A Path to Platform Engineering - Beginners Guide
With the recently published Certified Cloud Native Platform Engineering Associate (CNPA) an idea and direction for how to become a platform engineering is given. But there is more to know...
I often discuss the learning path to become a platform engineer. At conferences after talks, or book signings, people tell me where they are in their career and ask what’s next and how to become a professional platform engineer?

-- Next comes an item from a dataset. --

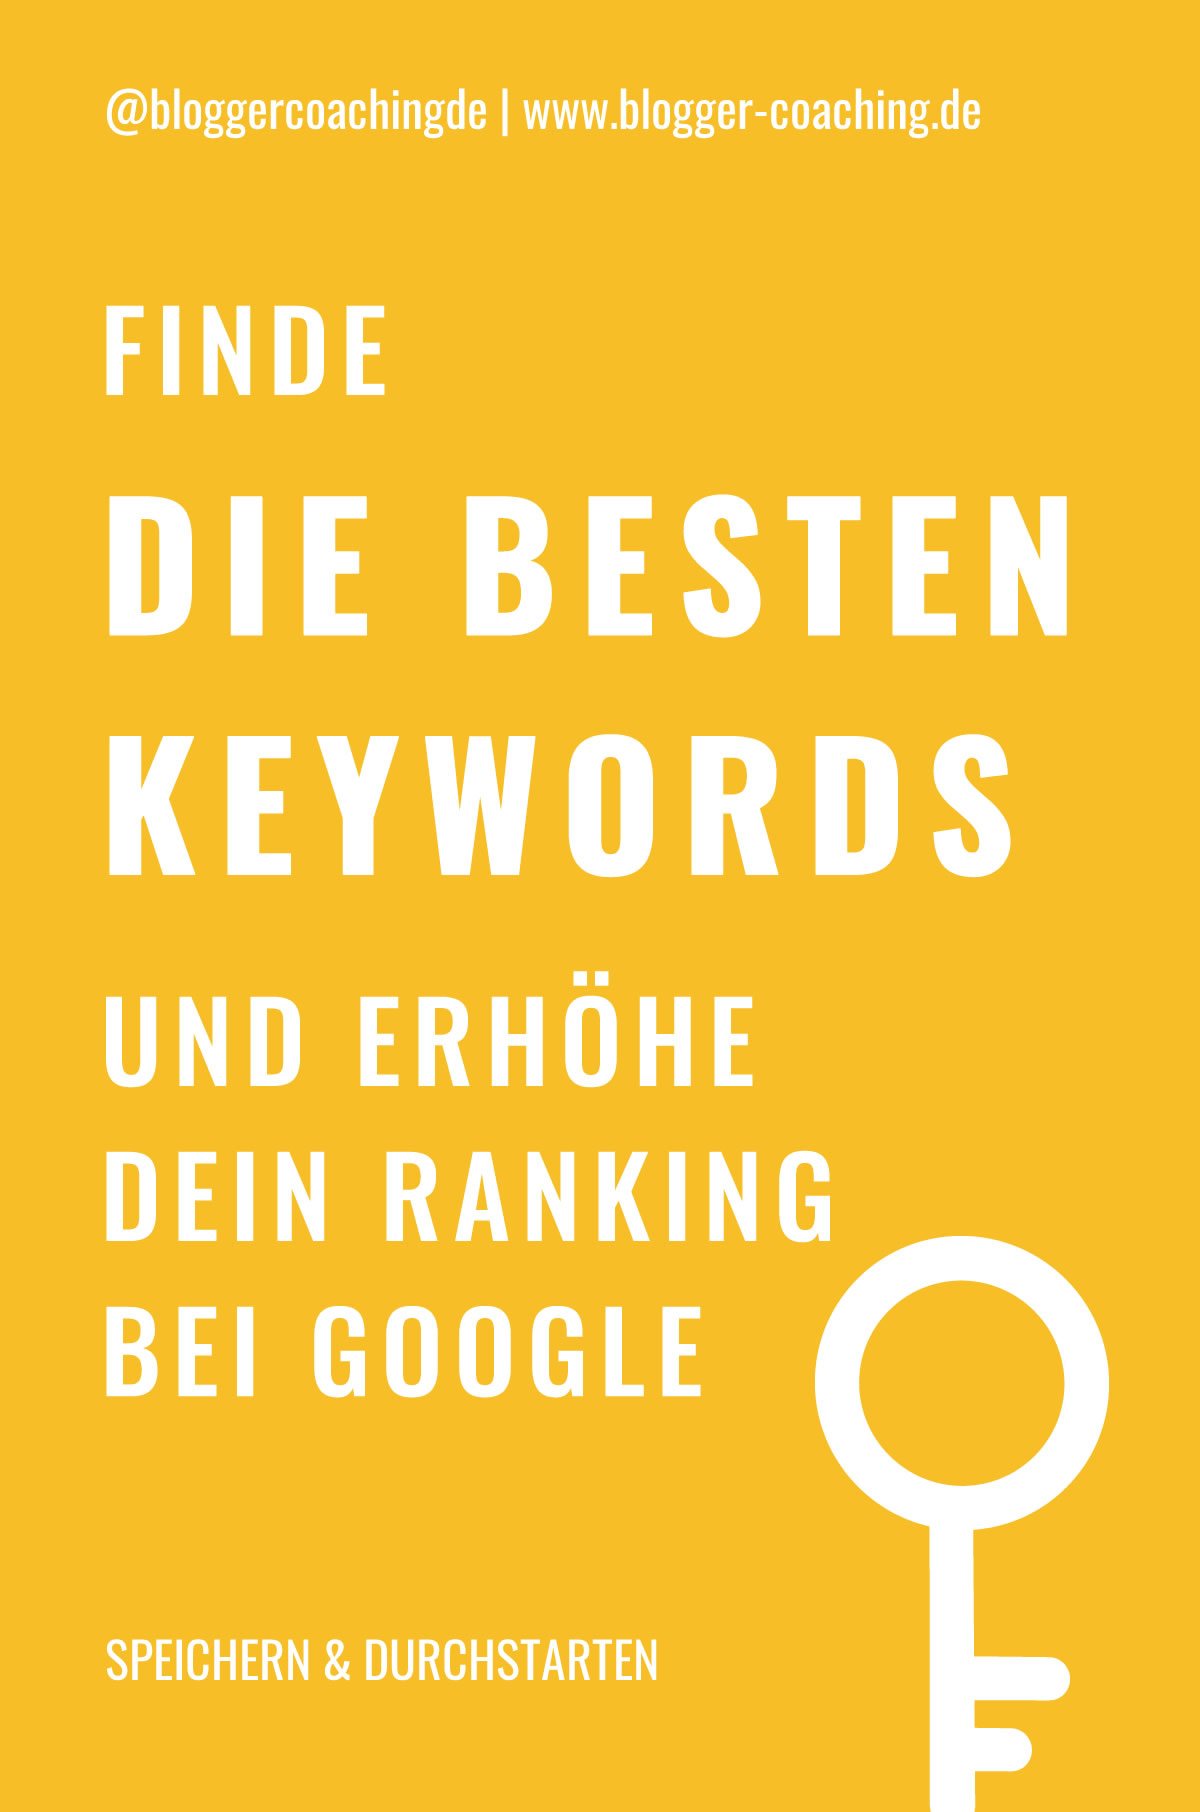 Keyword-Recherche: Die besten Keywords finden in 4 Schritten | Blogger-Coaching.de - Tipps & Kurse für Blogger

A “perfect” platform engineer needs to combine 3 qualities:
40% on being an expert on the tools and technologies that are playing together to become a platform
40% on managing developers and operations demands, understanding their needs and applying that feedback into your platform product
20% on whatever is relevant to your organization
The last 20% can sometimes be even more important: Consider the situation where you work at a financial institute. You might focus on a heavily isolated and secured environment. As a contrast, you are working for a game company, latency and availability are now your key drivers. Any of those aspects will influence drastically how you gonna build platforms.
Tools & Tech
I think a good guide to the tools and technologies that you should master is the platformengineering.org landscape. However, it provides tons of options that you might not need. So I will give you a very opinionated view on how I would do it, if I would need to start by 0 again.
The following order of the segments are also the order I would learn. Recommended certifications are just like checkmarks and might help for your future employment.
Resource Plane
I would start with a cloud provider, ideally AWS or Azure, yet I would go with AWS. The benefit is that you can get started easily, there are plenty of free materials (e.g. FreeCodeCamp) around it, and once the cloud concept is understood, you can apply it to any other provider too.
For a platform it will become very important to have a deep and fundamental understanding of networking, storage, and computing services, especially for Kubernetes.
In addition, you should spend a good amount of time to learn and understanding container technology. You will meet this everywhere: in the resource plane, CI/CD, it’s important to understand for security and observability.
But what about VMs and Bare-metal?
Honestly, those are harder to do and to learn. Generally, I’m not a huge fan of VMs; to me, they don’t make sense to have. There is at least one critical CVE for hypervisors every year, and I believe thanks to closed source (ya ya except OpenStack…) there are many 0-days we don’t even know. Yet, there are many cases where containers are also not the right thing to do.
If you have the budget and time to go down to metal, you should do, it is worth it, but if not, don’t hunt for it.
So, somewhere between the resource plane and the integration & delivery plane, we also have to place Infrastructure as Code (IaC). Technically, it lives in the Integration & Delivery Plane, practically it handles the resources…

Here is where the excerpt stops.